Re: comments on Matrix from Benoit Jacob on 2013-03-20 (public-fx@w3.org from January to March 2013)

From: Benoit Jacob <jacob.benoit.1@gmail.com>
Date: Wed, 20 Mar 2013 10:29:59 -0400
To: Dirk Schulze <dschulze@adobe.com>
Cc: "public-fx@w3.org" <public-fx@w3.org>
Message-ID: <CAJTmd9oBOPs8aNiuCkVwvbSmWkR13ZbMWoTygRSKJhdxYgBPNQ@mail.gmail.com>
2013/3/20 Dirk Schulze <dschulze@adobe.com>

> It is easier to answer to the answers entirely, even if we can discuss
> details in separate threats later.
>
> The specification describes a unified way to exchange matrices across
> other specifications. This is a very reasonable approach for me.

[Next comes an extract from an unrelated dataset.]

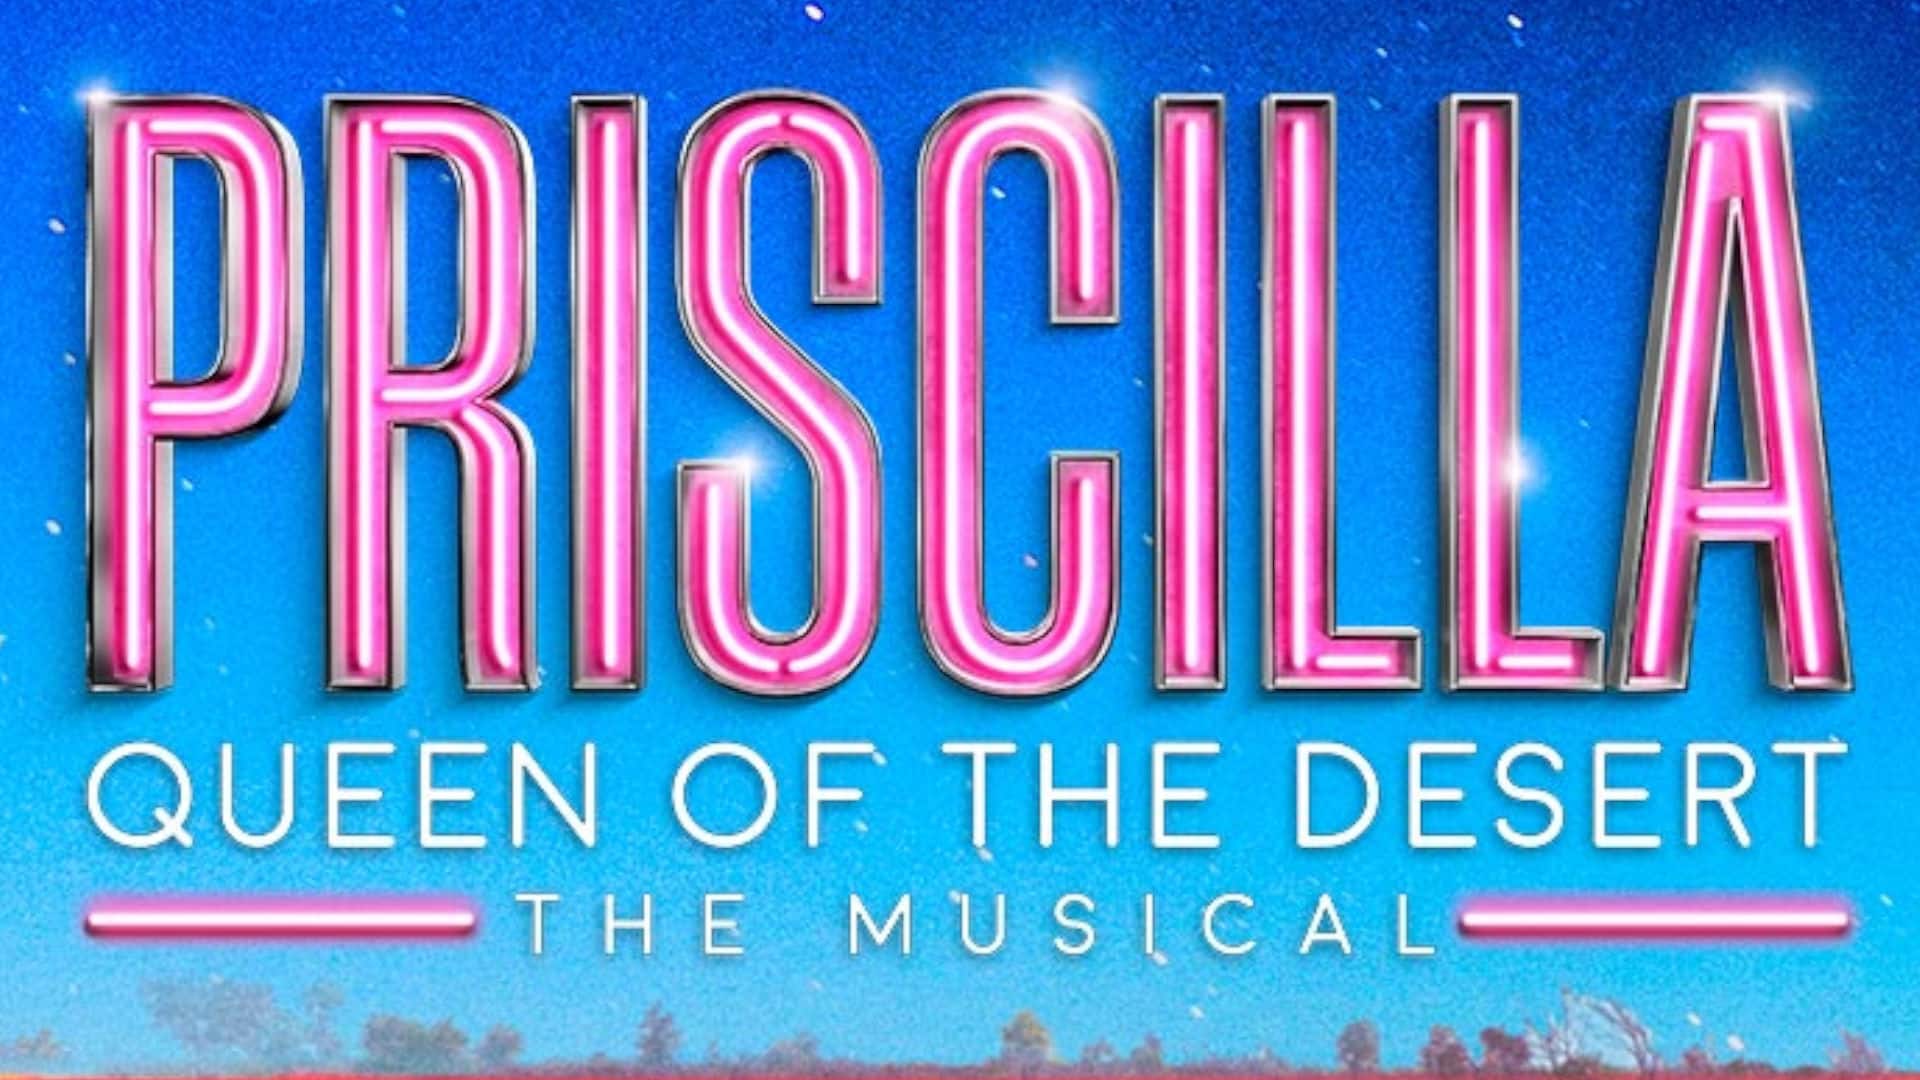 Priscilla Queen Of The Desert musical 2021 tour tickets, dates and venues -  book now - Stage Chat

It's reasonable to exchange matrices across APIs but we don't need a Matrix
class for that, we can exchange raw arrays (say Typed Arrays) as is done in
WebGL. We'd just need to agree once and for all on a storage order (say
column-major as in WebGL).

If we do add a Matrix interface for the purpose of exchanging data, then at
least it does not need to offer any computational features.

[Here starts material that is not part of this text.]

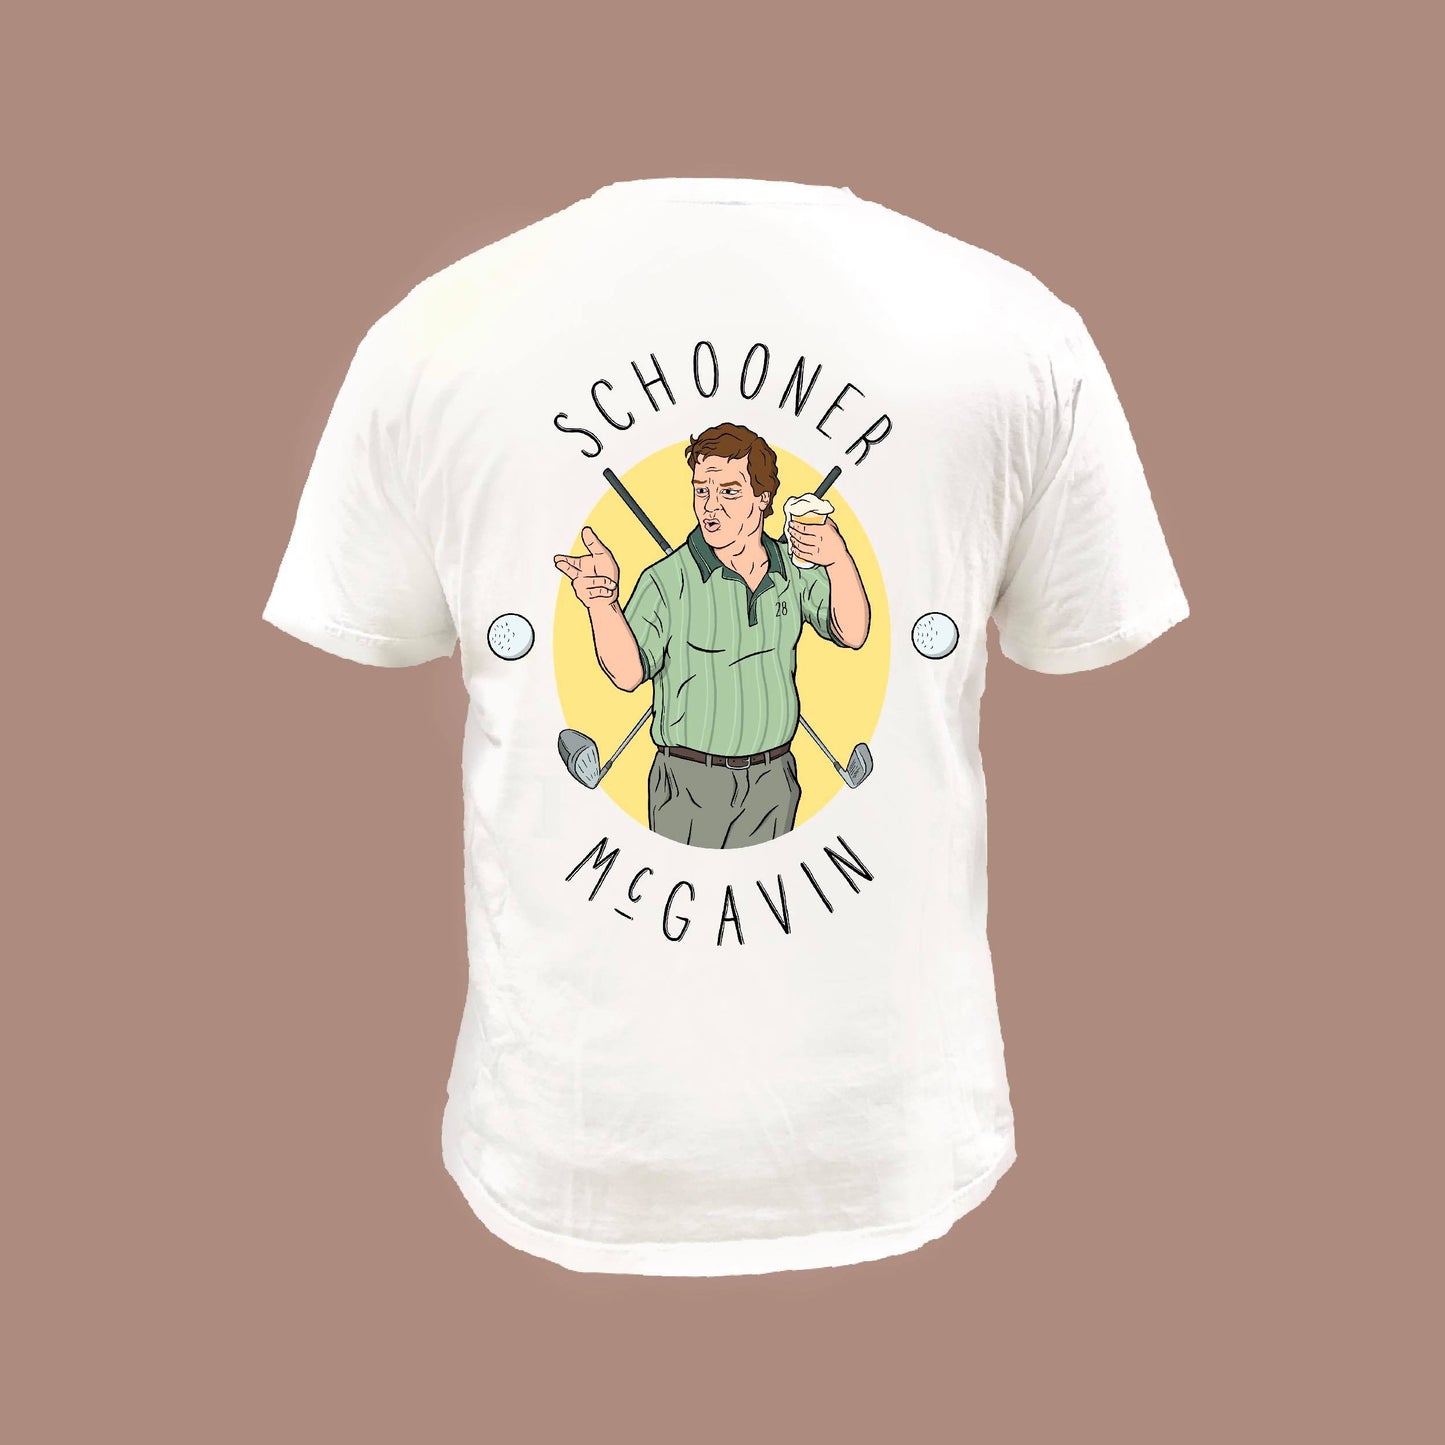 Schooner McGavin Tee -WHITE FRONT AND BACK

> We already have matrix definitions in SVG (SVGMatrix). And even if
> SVGMatrix is less specified than with this specifications, we have a huge
> amount of compatible implementations, including all major browsers and even
> more SVG viewers. I am much less concerned about the specification than you
> are. In fact, there is a need for an exchange format of transformation
> descriptions. Currently, HTML Canvas relies on SVGMatrix to describe a CTM.
>

> The primary goal of the specification is interoperability and backwards
> compatibility. As mentioned before, SVG described SVGMatrix. This
> specification replaces SVGMatrix with the requirement to be as much
> backwards compatible as possible. This requires to follow the naming schema
> chosen in the specification.


That SVG has a SVGMatrix doesn't imply that other Web APIs should have a
matrix class. Maybe SVG had a good reason to have a matrix interface, which
I don't know, but I don't understand how that would generalize enough to
have a Web-wide matrix interface, when, as I said above, arrays are enough
to exchange matrices, and even if we really wanted a matrix interface for
data exchange, that still wouldn't justify putting computational features
in it.


> The interoperability is not limited to SVGMatrix. There is a strong
> relation to CSS Transforms. The decomposing code is entirely based on the
> matrix decomposing for CSS Transforms.


It's good to know where bad things (this matrix decomposition) come from,
but that doesn't provide justification to spread them even wider!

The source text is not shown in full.